Calculated incorporation coefficients and influx rates of α-LNA into heart stable lipids, and conversion-incorporation coefficients into esterified elongated n-3 PUFA products, in diet-adequate and diet-deficient rats

Total Esterified Radioactivity ki(α-LNA)a or ki(α-LNAj)b Jin,i(α-LNA)



Adequate Deficient Adequate Deficient Adequate Deficient
nCi/g heart ml/s/g × 104 nmol/s/g × 104
18:3n-3 279 ± 66 297 ± 53 6.3 ± 1.8 6.0 ± 1.1 171 ± 57 6.2 ± 2.3a
20:4n-3 1.2 ± 0.3 1.2 ± 0.2 0.026 ± 0.007 0.024 ± 0.005
20:5n-3 1.8 ± 0.4 2.0 ± 0.4 0.042 ± 0.012 0.041 ± 0.008
22:5n-3 0.81 ± 0.19 0.95 ± 0.17 0.018 ± 0.005 0.019 ± 0.004
20:3n-3 0.88 ± 0.21 0.90 ± 0.16 0.020 ± 0.006 0.018 ± 0.003

Values are means ± SD (n = 10 and 7 for diet-adequate and -deficient groups, respectively).

a

P < 0.001, differs significantly from mean in adequate group.

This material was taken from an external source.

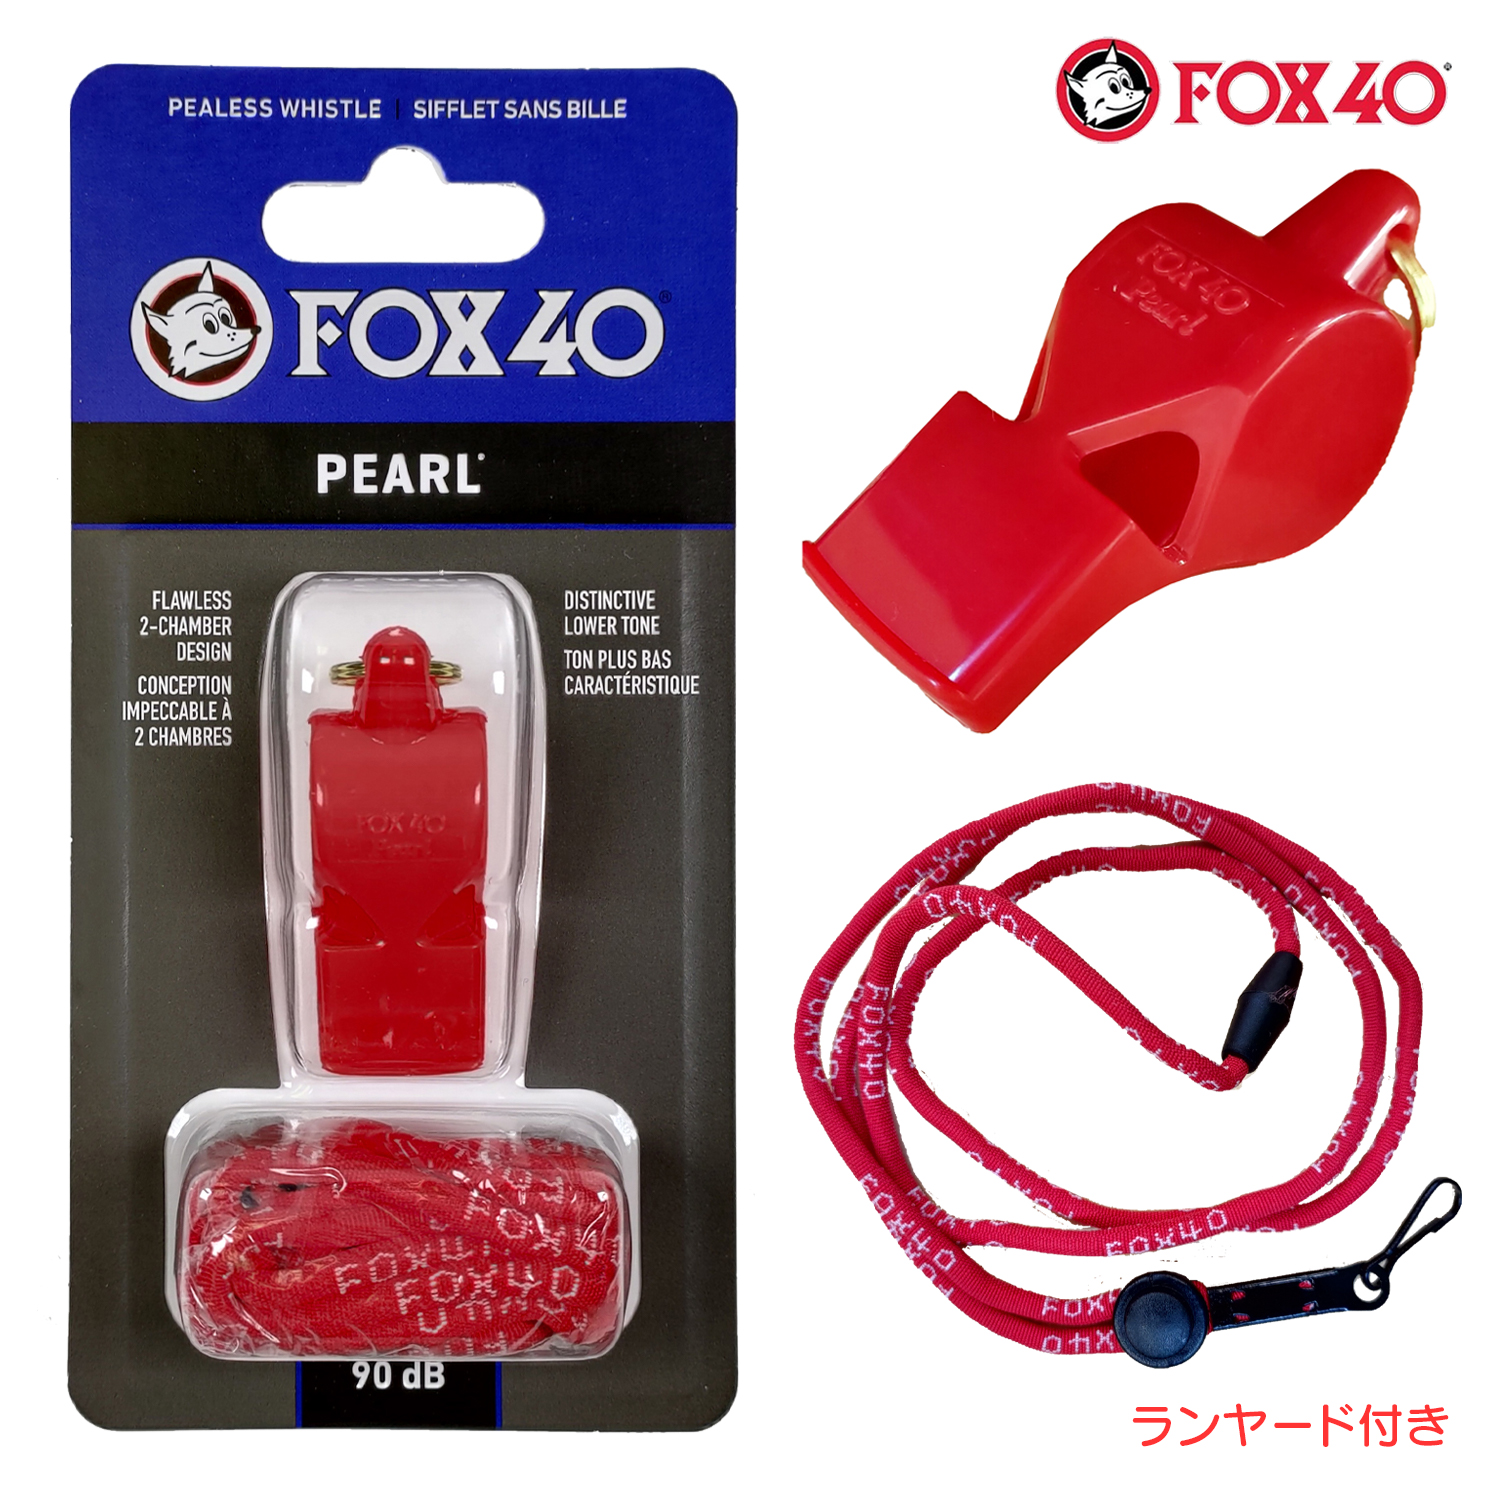 FOX40 フォックス40 Pearl ホイッスル 審判用 90db 色:レッド ランヤード付属 コルク玉不使用ピーレスタイプ made in Canada

The unesterified unlabeled plasma α-LNA concentration before tracer infusion equaled 27 ± 6.0 nmol/ml and 1.0 ± 0.45 nmol/ml in the dietary n-3 PUFA-adequate and -deficient rats, respectively (22). Inserting these concentrations from individual experiments into Equation 3 yielded incorporation rates Jin,i(α − LNA) in total heart lipid for unesterified α-LNA equal to 171 ± 57 nmol/s/g × 10−4 and 6.2 ± 2.3 nmol/s/g × 10−4, respectively, for the two groups (last pair of columns in Table 5).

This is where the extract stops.